I went to two concerts this year and didn't need to hold up my phone to record. I could actually enjoy the concert while recording. I use them often for events, weekends, and traveling with friends. In Hawaii, when riding ATVs, this allowed me to enjoy music and capture moments while staying present, which is one of the top goals for our Ray-Ban Meta products.

And I'm starting to use the AI features more frequently now, especially when traveling. In museums, instead of reading entire catalogs, I can ask Meta AI specific questions. When I was recently in Europe, it could quickly translate menus and posters. It was super convenient and easy to use.

Thomas Luo: Let me share an example of how I used the AI features of the Meta Ray-Ban. Last month, I was at the Museum of Flight in Seattle.

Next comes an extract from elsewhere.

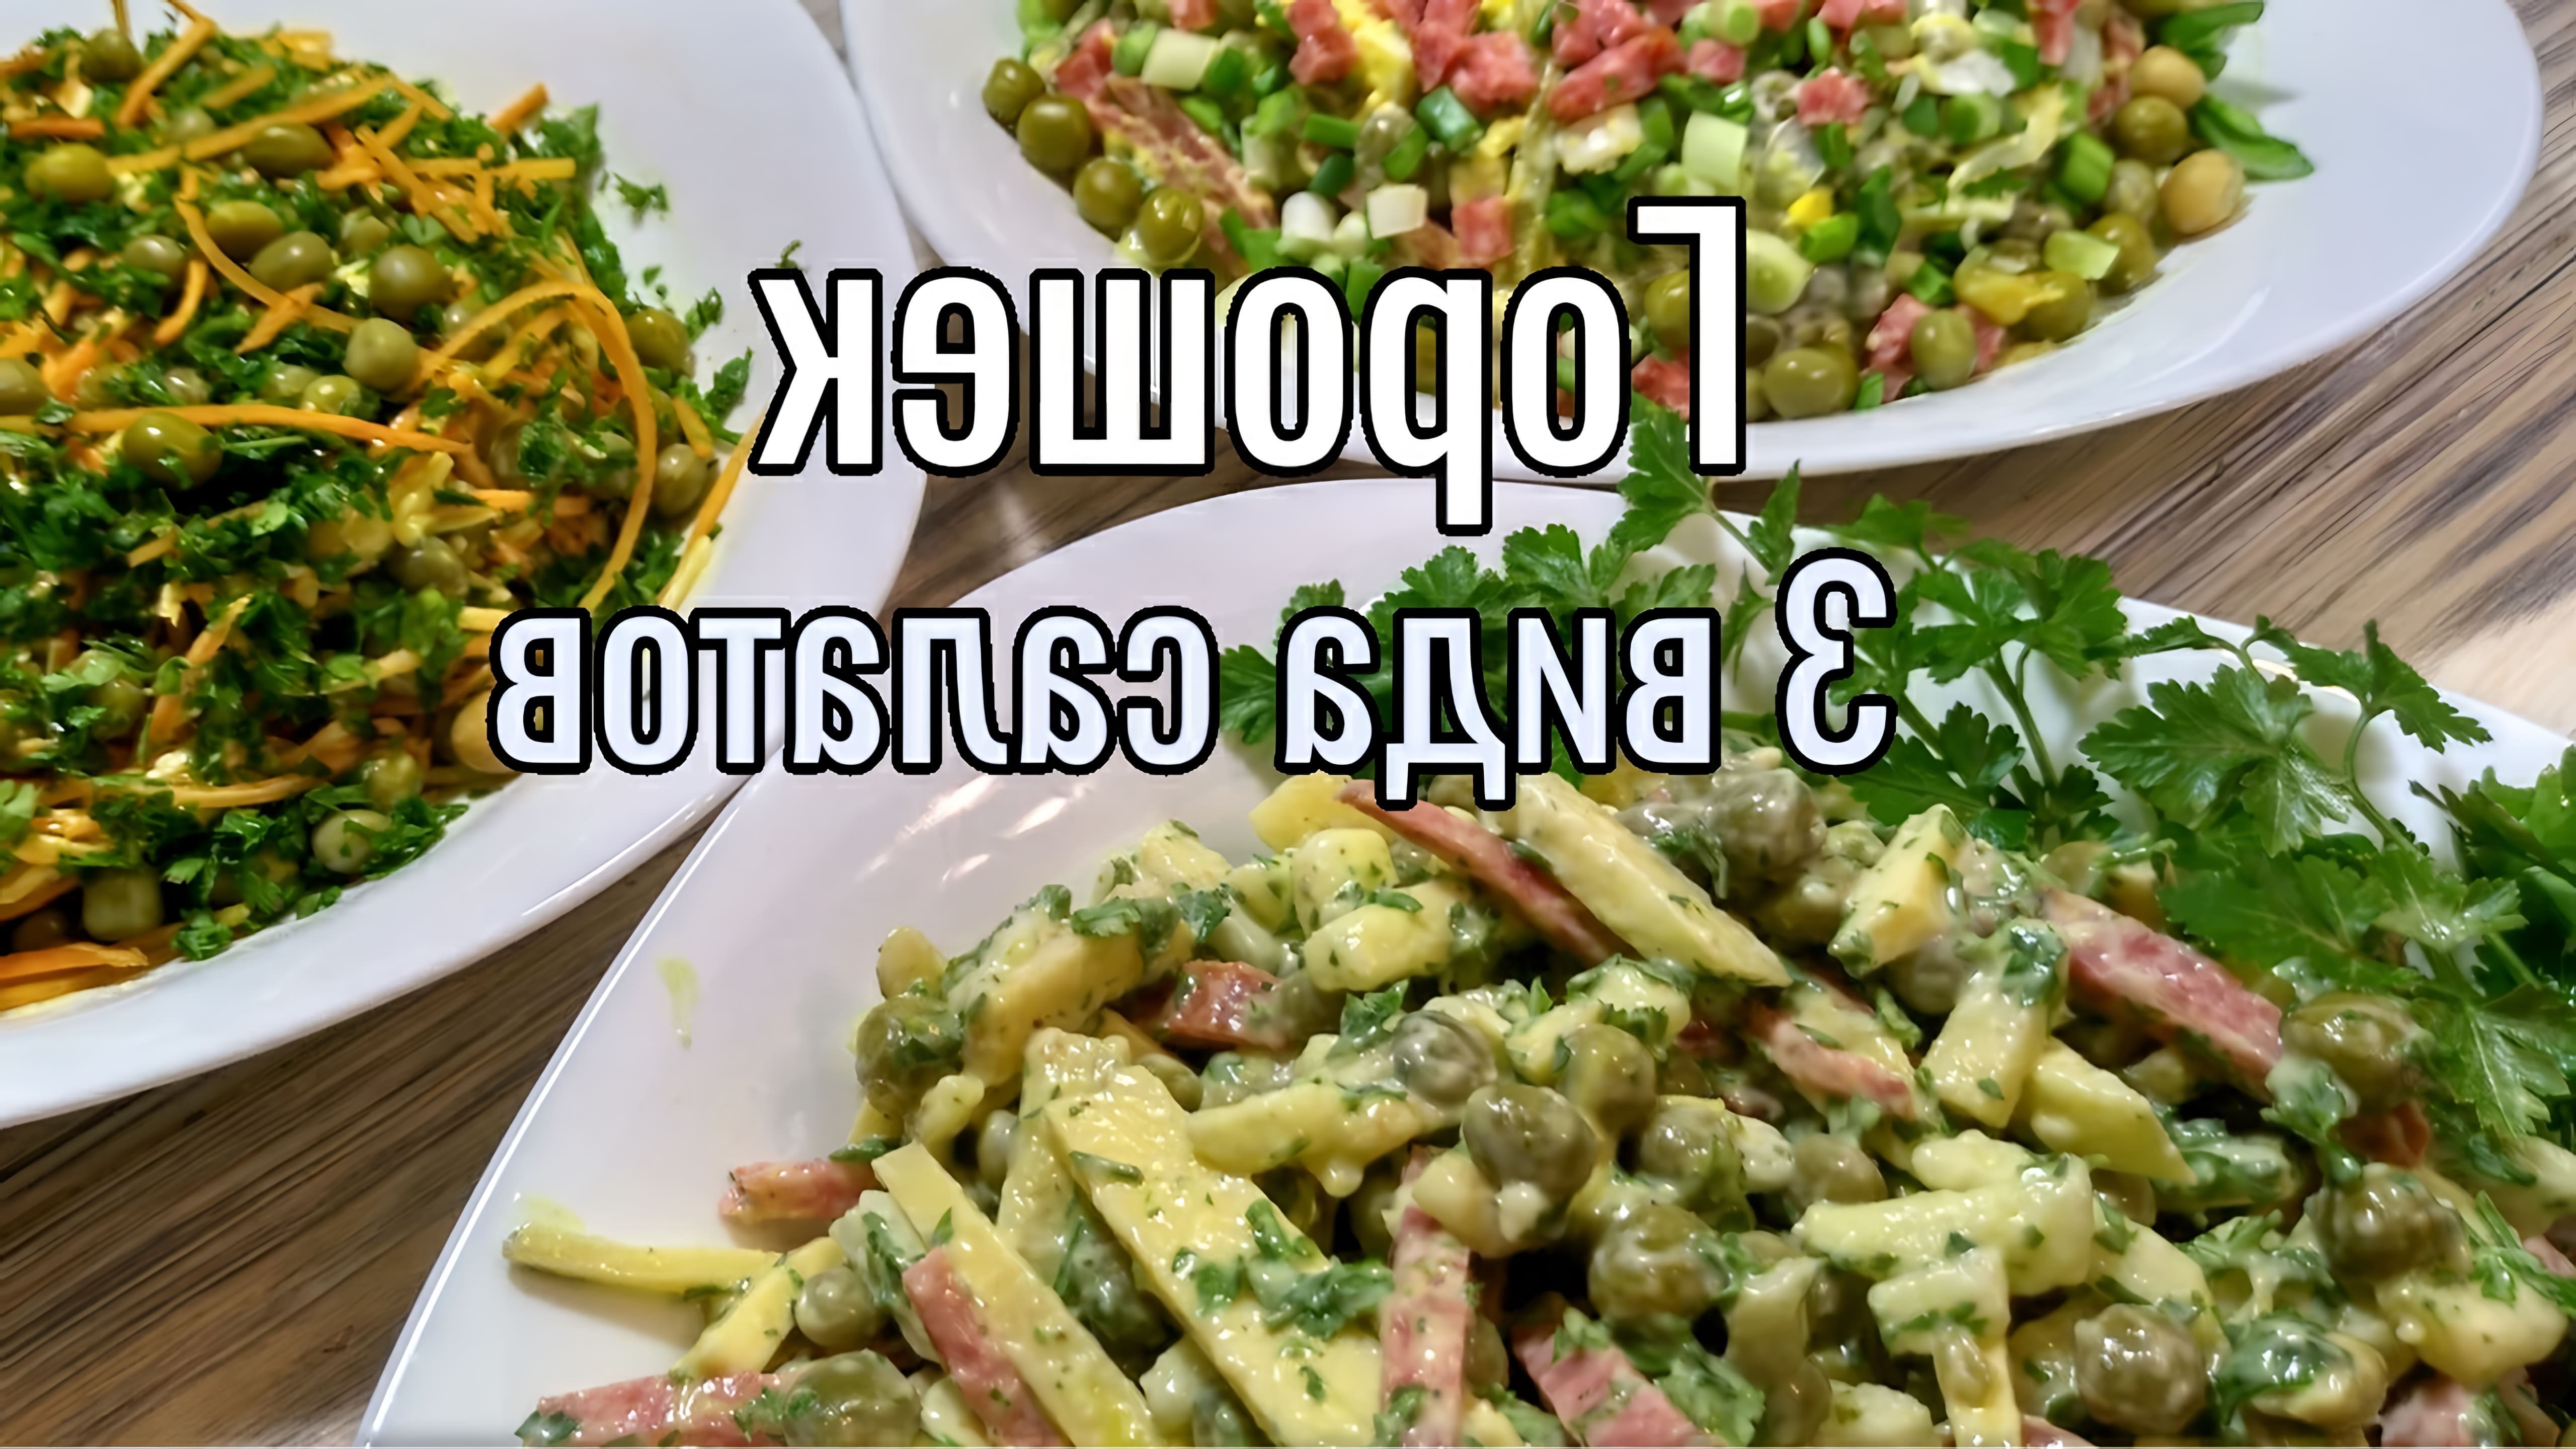 В этом видео демонстрируются три варианта салатов из консервированного горошка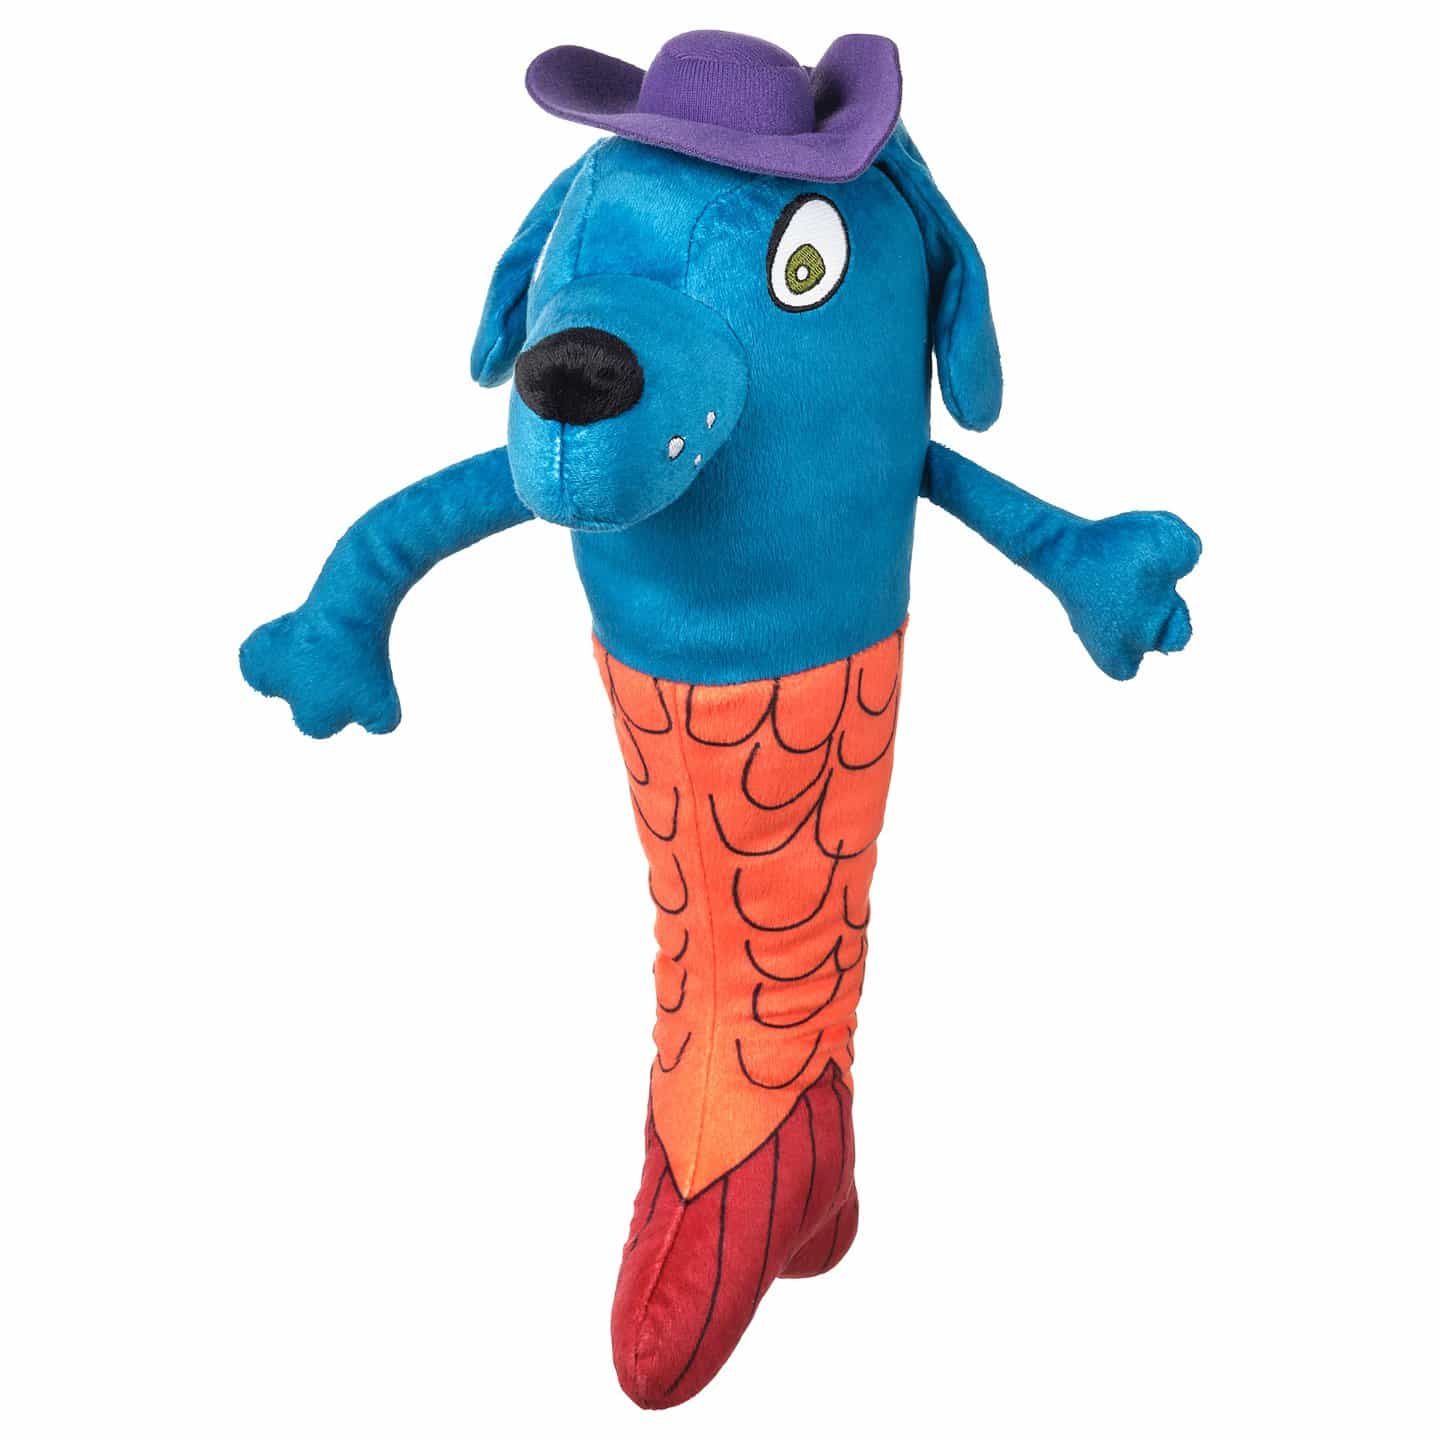 Mermaid Dog, diseñado por Savva, de nueve años de Rusia

When I was standing in front of a MiG-3, I just said "Hey Meta," and it took a photo. Then I asked it to tell me the background story of this aircraft. Within seconds, the voice came from the frame and told me that it was a MiG-3, made in 1940 and was rapidly adopted by the Soviet Union in the war with Germany. It explained the development history of this aircraft. I'm particularly interested in how AI combines with the wear experience. Could you explain more details about how this technology works on my glasses? We understand that some AI features may run in the cloud or use edge AI - could you explain more about these details?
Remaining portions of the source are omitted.